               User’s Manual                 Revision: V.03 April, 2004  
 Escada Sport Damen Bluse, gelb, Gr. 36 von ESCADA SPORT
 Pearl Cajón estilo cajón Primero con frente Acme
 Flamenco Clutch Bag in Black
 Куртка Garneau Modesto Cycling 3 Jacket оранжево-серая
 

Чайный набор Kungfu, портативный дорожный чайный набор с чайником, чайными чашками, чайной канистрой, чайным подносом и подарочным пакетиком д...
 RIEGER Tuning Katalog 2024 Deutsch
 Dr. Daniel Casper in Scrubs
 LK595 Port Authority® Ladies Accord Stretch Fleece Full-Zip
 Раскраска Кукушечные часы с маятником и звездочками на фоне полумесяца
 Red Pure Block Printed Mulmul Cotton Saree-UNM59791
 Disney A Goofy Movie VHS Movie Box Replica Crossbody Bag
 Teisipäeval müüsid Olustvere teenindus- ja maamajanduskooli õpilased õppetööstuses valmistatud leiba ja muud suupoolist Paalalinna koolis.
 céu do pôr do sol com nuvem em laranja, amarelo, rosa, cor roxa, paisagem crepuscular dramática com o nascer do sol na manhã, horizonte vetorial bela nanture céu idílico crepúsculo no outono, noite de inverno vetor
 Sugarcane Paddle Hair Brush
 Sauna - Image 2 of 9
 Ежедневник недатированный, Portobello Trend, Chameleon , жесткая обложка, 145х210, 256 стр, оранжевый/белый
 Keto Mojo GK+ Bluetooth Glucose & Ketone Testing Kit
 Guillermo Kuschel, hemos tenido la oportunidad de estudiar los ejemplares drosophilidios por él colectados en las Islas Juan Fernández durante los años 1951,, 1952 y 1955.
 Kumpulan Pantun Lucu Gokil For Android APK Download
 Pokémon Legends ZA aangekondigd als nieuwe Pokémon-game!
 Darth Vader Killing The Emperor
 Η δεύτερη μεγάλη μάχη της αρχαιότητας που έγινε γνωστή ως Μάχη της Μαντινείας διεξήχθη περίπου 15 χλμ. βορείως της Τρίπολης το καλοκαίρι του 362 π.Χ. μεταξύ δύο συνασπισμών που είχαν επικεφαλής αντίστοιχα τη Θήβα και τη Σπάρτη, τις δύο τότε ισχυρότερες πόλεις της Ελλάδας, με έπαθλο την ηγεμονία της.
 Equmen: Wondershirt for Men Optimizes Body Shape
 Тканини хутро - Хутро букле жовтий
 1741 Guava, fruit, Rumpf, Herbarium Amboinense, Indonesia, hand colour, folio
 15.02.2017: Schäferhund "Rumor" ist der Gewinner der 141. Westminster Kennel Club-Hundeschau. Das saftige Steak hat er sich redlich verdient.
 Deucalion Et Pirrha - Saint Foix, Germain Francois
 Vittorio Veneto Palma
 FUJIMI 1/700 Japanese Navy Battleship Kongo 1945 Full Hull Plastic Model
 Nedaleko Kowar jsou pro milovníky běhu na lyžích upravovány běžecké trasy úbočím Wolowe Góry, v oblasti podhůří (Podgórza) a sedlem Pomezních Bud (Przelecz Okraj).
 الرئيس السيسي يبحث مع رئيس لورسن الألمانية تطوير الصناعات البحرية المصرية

= = = = =

About this task
Wherever the word "Full" occurs in the data above, copy the line it sits in.

Exercise result
 LK595 Port Authority® Ladies Accord Stretch Fleece Full-Zip
 FUJIMI 1/700 Japanese Navy Battleship Kongo 1945 Full Hull Plastic Model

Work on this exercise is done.